Strengthening domestic supply

The congressional fund, initially set aside from previous nuclear energy appropriations in the Bipartisan Infrastructure Law for fiscal years 2022, 2023, and 2024, was contingent on the enactment of the Prohibiting Russian Uranium Imports Act.

With the bill now in place, DOE is set to use these funds to establish a robust domestic enrichment capability, particularly for HALEU.

Shortly after the signing, DOE's Office of Nuclear Energy put out a request for proposals that included the appropriated $2.7 billion for contracts to supply domestically produced low-enriched uranium, with a ceiling worth up to $3.4 billion for additional enrichment services and infrastructure development.

Encouraged by rising uranium prices and government support for nuclear energy, Energy Fuels has restarted production at three of its uranium mines in Arizona and Utah. Chalmers indicated that the company expects to produce between 150,000 to 500,000 pounds of U3O8 during 2024, with production anticipated to increase further in 2025 as they process uranium ore and alternate feed materials from their current stockpiles.

"The substantial increase in uranium prices, U.S. government support for nuclear energy, and a global focus on reducing carbon emissions have driven us to resume large-scale uranium production," the CEO said. "We are uniquely positioned to take advantage of favorable policy and market conditions."

North of the border, with the market already feeling the effects of the import ban, Cameco, a Canadian uranium producer, reported a significant increase in its earnings due to rising uranium prices and long-term order growth.

Witnessing a 157% jump in its second quarter 2024 earnings report, Cameco is seeing first-hand the benefits of the ban being put in order.

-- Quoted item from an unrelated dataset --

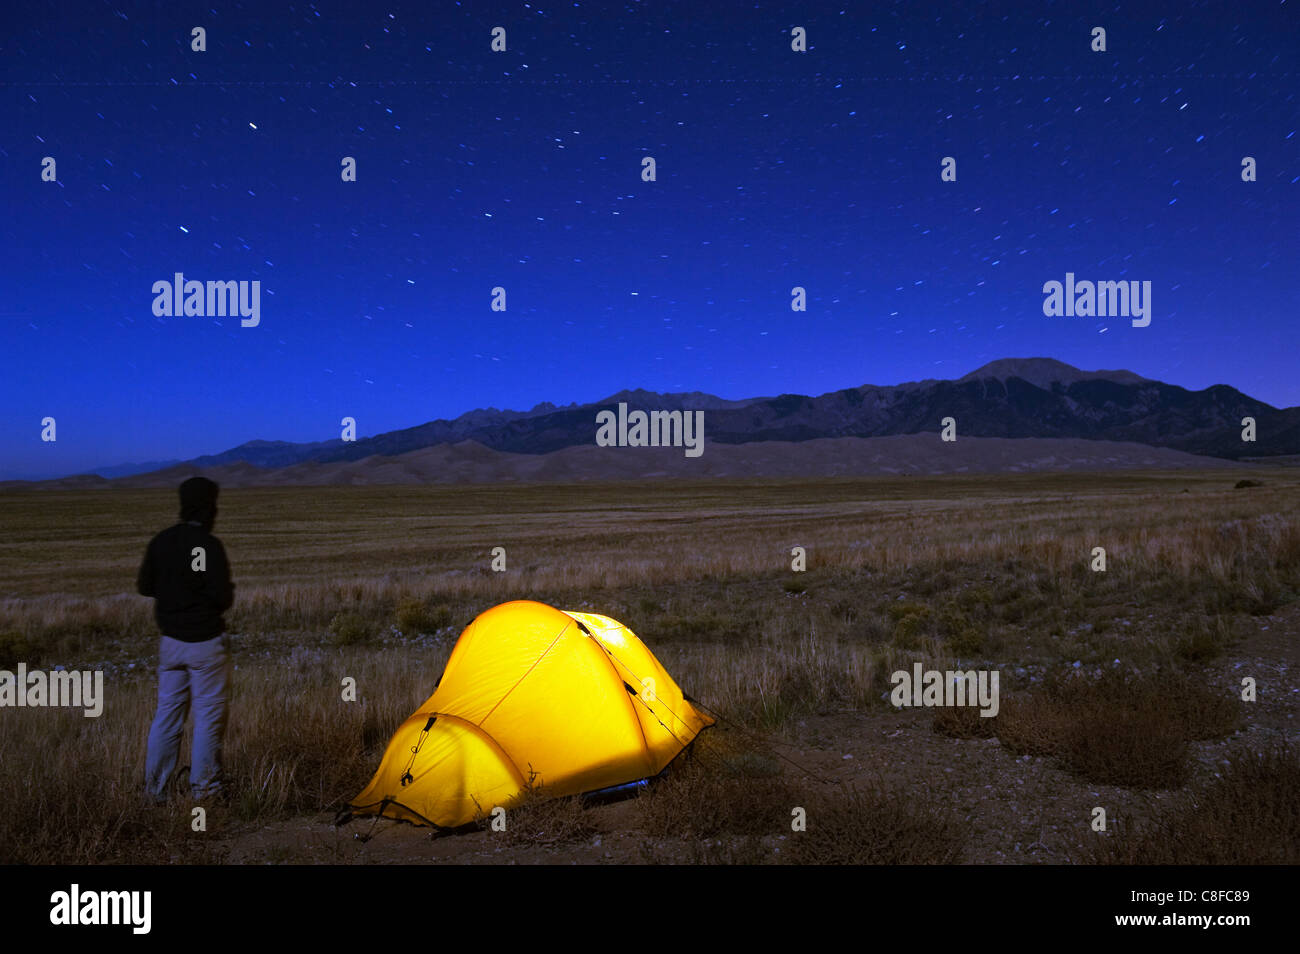 Hiker and tent illuminated under the night sky, Great Sand Dunes National Park, Colorado, United States of America Stock Photo

"The need to replace retiring fossil fuel generation is clear, and nuclear energy is being recognized as a critical tool in the fight against climate change," said Cameco President and CEO Tim Gitzel.

Add this proof to the list of companies and projects shifting focus to this fuel commodity, and regardless of its designation as a critical mineral, uranium is seeing a rush not seen since the days of the Manhattan Project.

Though it took years of preparation, the U.S. is now poised to enhance its energy security, support its nuclear fleet, and contribute significantly to global efforts to combat climate change through the expanded use of nuclear power. While the journey ahead is fraught with challenges, the groundwork is being laid for a more resilient and sustainable nuclear energy future.